Newly arising mutations create the phenotypic variation upon which selection can act. But mutations do not necessarily act independently or on a single phenotype, making their effects on evolution difficult to predict. Mutational interactions, or epistasis, can constrain the path of natural selection. Additionally, pleiotropic mutations, which impact more than one phenotype, have fitness consequences that represent the totality of their phenotypic effects and not simply their impact on any individual character.

I present three studies that examine the impact of epistasis and pleiotropy on protein evolution. First, my colleagues and I identified a single nucleotide insertion in a vineyard isolate of Saccharomyces cerevisiae that has cascading effects through the gene-expression network. Using isogenic laboratory strains, we confirm that this allele causes dramatic differences in gene-expression levels of key genes involved in amino acid biosynthesis. We conclude that this allele's relatively high mutation rate, combined with its mild phenotypic effects, account for its persistence in natural populations.

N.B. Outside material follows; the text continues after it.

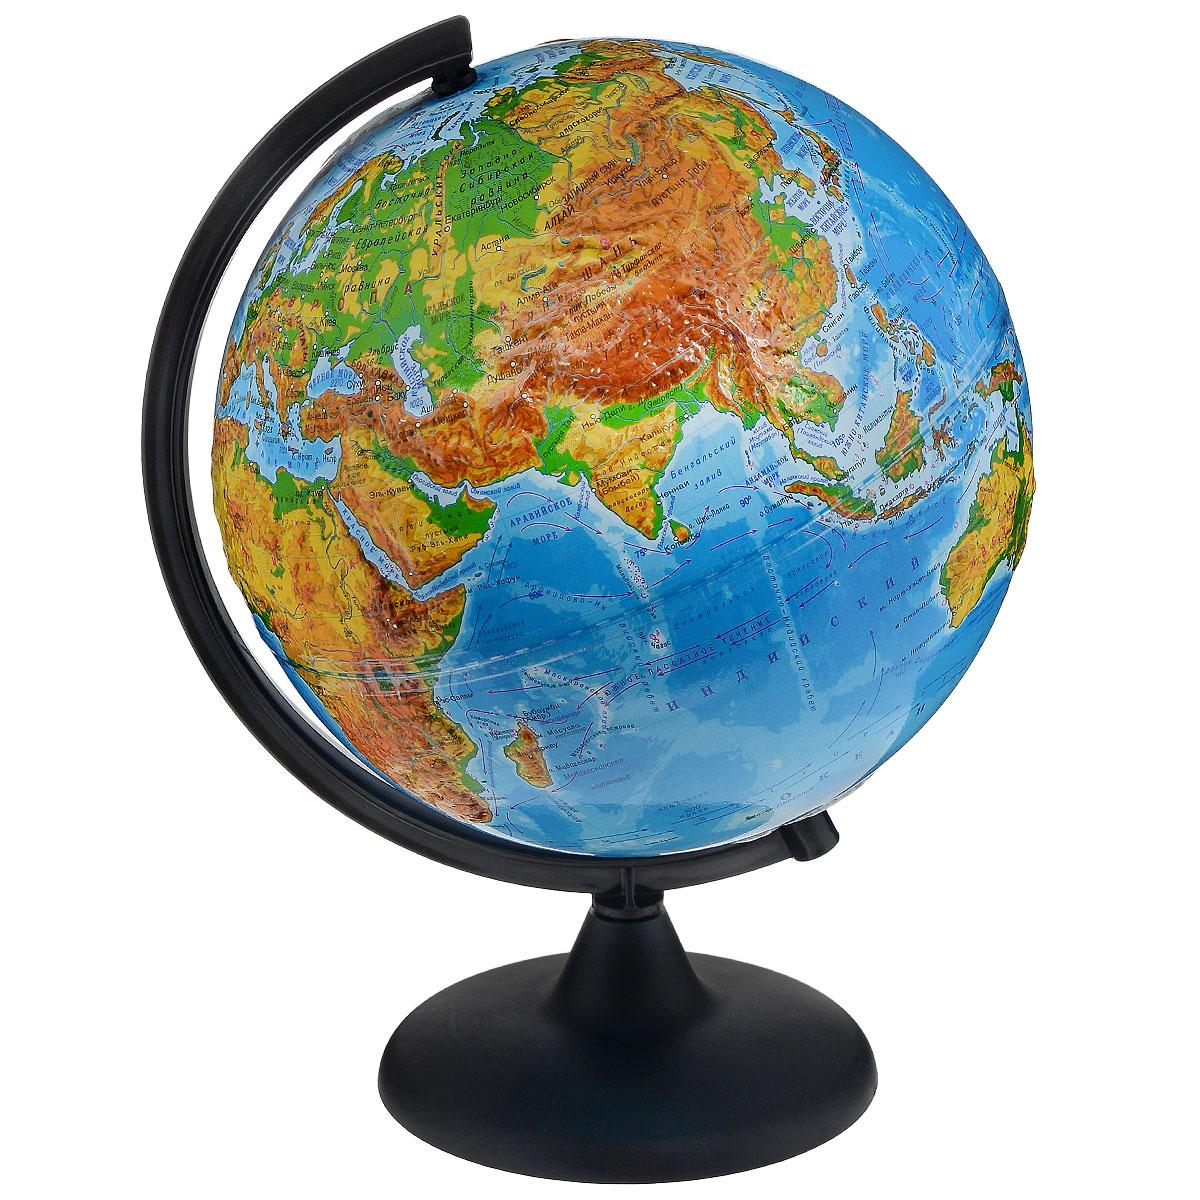 Глобусный мир Глобус с физической картой, рельефный, диаметр 25 см, на подставке10176Географический глобус с физической картой мира станет незаменимым атрибутом обучения не только школьника, но и студента. На глобусе отображены линии картографической сетки, гидрографическая сеть, рельеф суши и морского дна, крупнейшие населенные пункты, теплые и холодные течения. Глобус является уменьшенной и практически не искаженной моделью Земли и предназначен для использования в качестве наглядного картографического пособия, а также для украшения интерьера квартир, кабинетов и офисов. Красочность, повышенная наглядность визуального восприятия взаимосвязей, отображенных на глобусе объектов и явлений, в сочетании с простотой выполнения по нему различных измерений делают глобус доступным широкому кругу потребителей для получения разнообразной познавательной, научной и справочной информации о Земле. Масштаб: 1:50000000.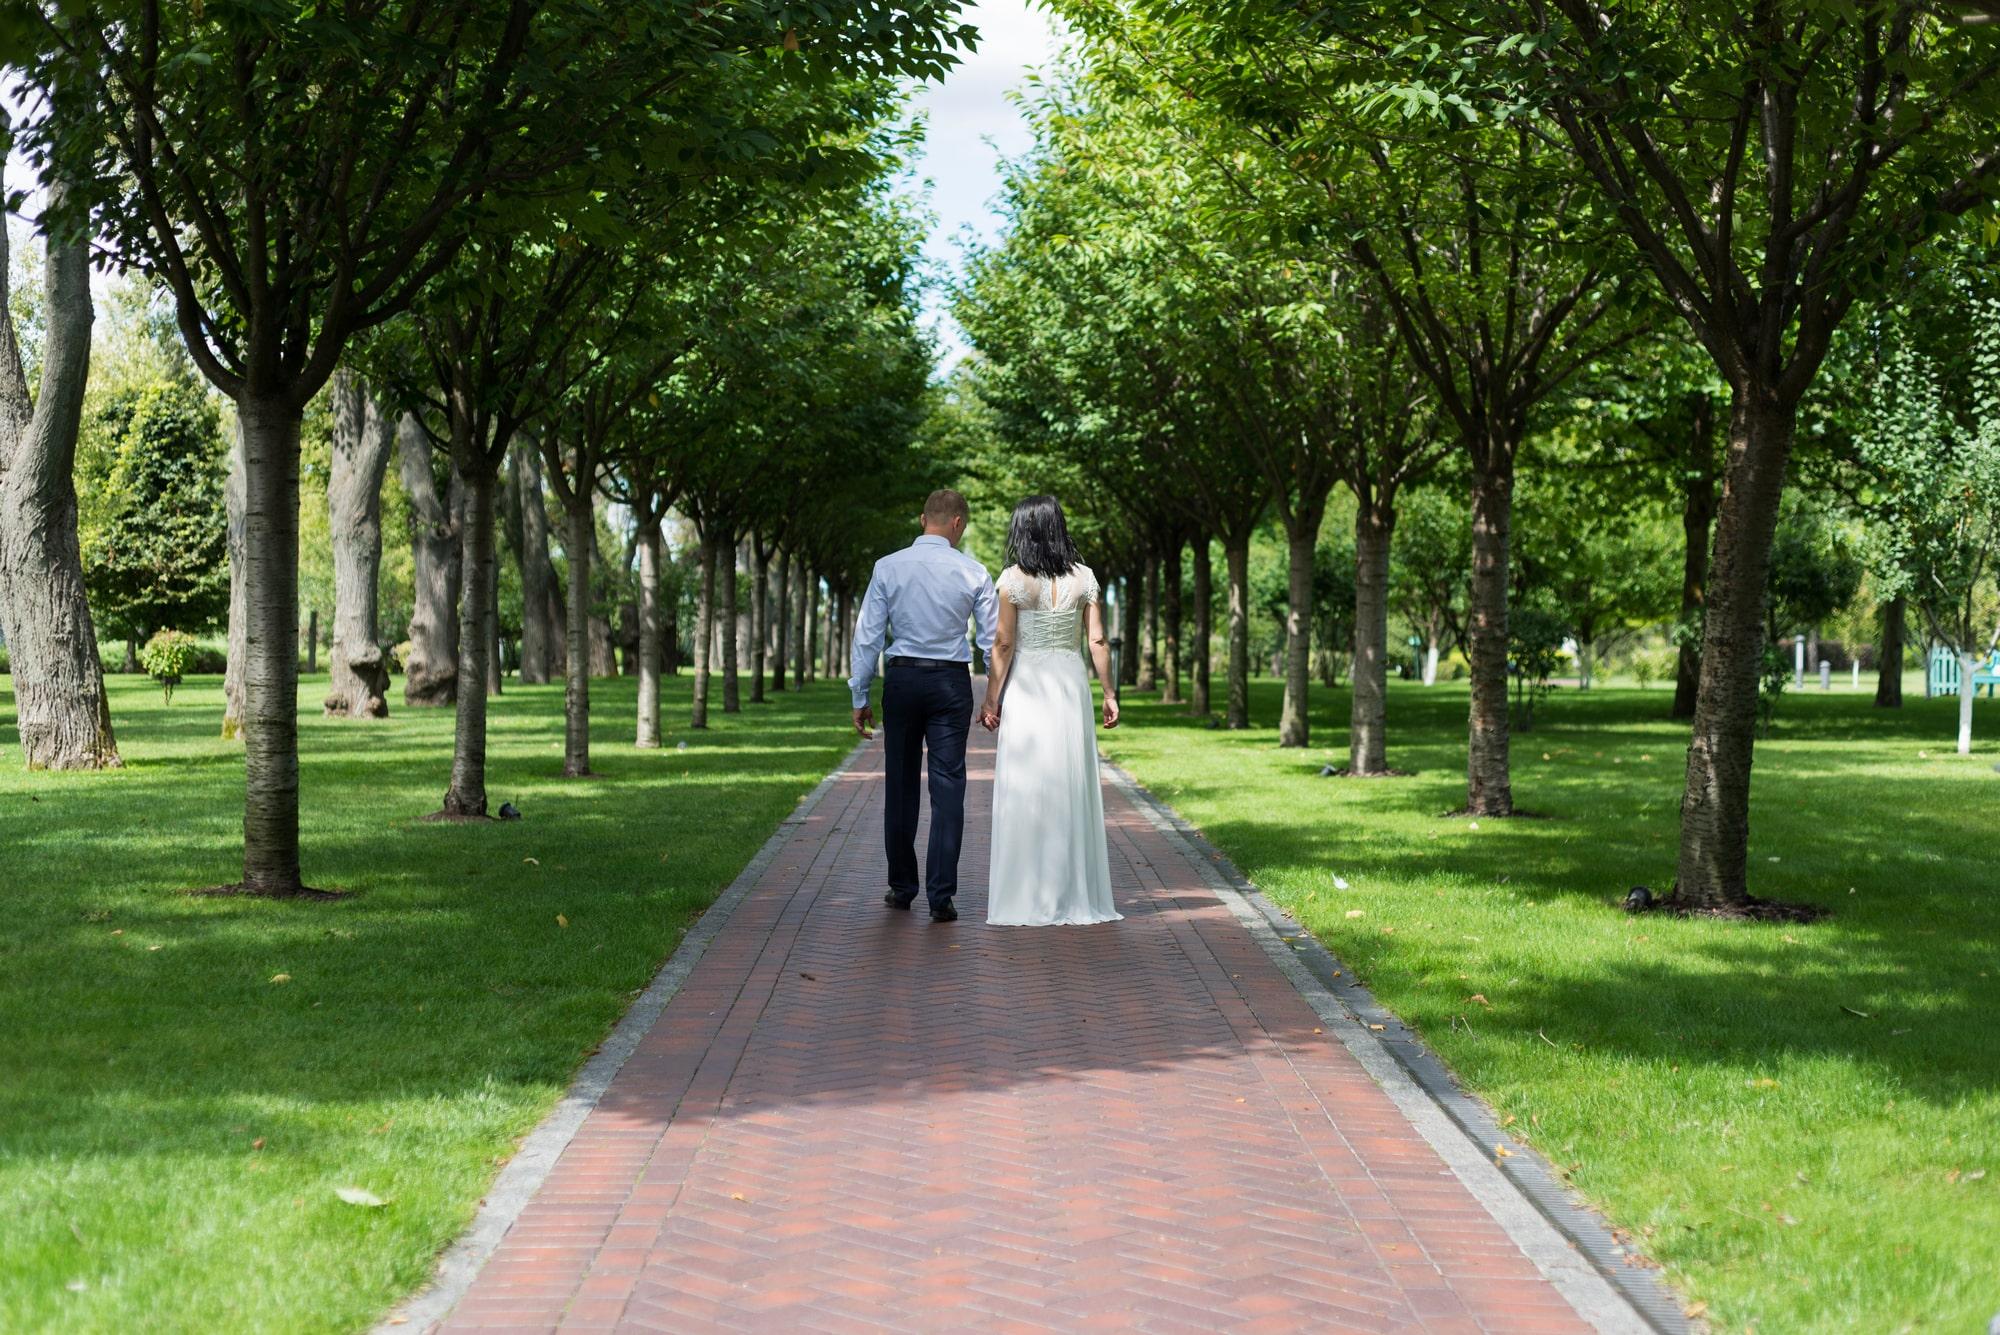 Свадебная фотосъемка в августе - под тенью деревьев

Second, in order to understand the importance of regulatory and structural mutations in multistep evolutionary pathways, we carried out experiments in which the expression of β-lactamase in Escherichia coli was under the control of a tunable arabinose promoter. We find that the fitness effect of an increase in gene expression is highly dependent on the catalytic activity of the coding sequence. The mapping of enzyme activity to fitness strongly influences the temporal incorporation and importance of regulatory mutants on evolutionary pathways.

Finally, utilizing a Saccharomyces cerevisiae model of dihydrofolate reductase (DHFR) evolution in Plasmodium falciparum, we examine the robustness of growth rate to mutations that confer drug resistance. Assays of all 48 combinations of 6 naturally occurring resistance mutations reveal that growth and resistance phenotypes freely associate and do not demonstrate a strong negative tradeoff. The three evolutionary pathways that dominate DHFR evolution show that subsequent resistance-increasing mutations can compensate for initial declines in growth rate. Our results suggest that growth rate in P. falciparum is robust to drug resistance mutations at the DHFR locus.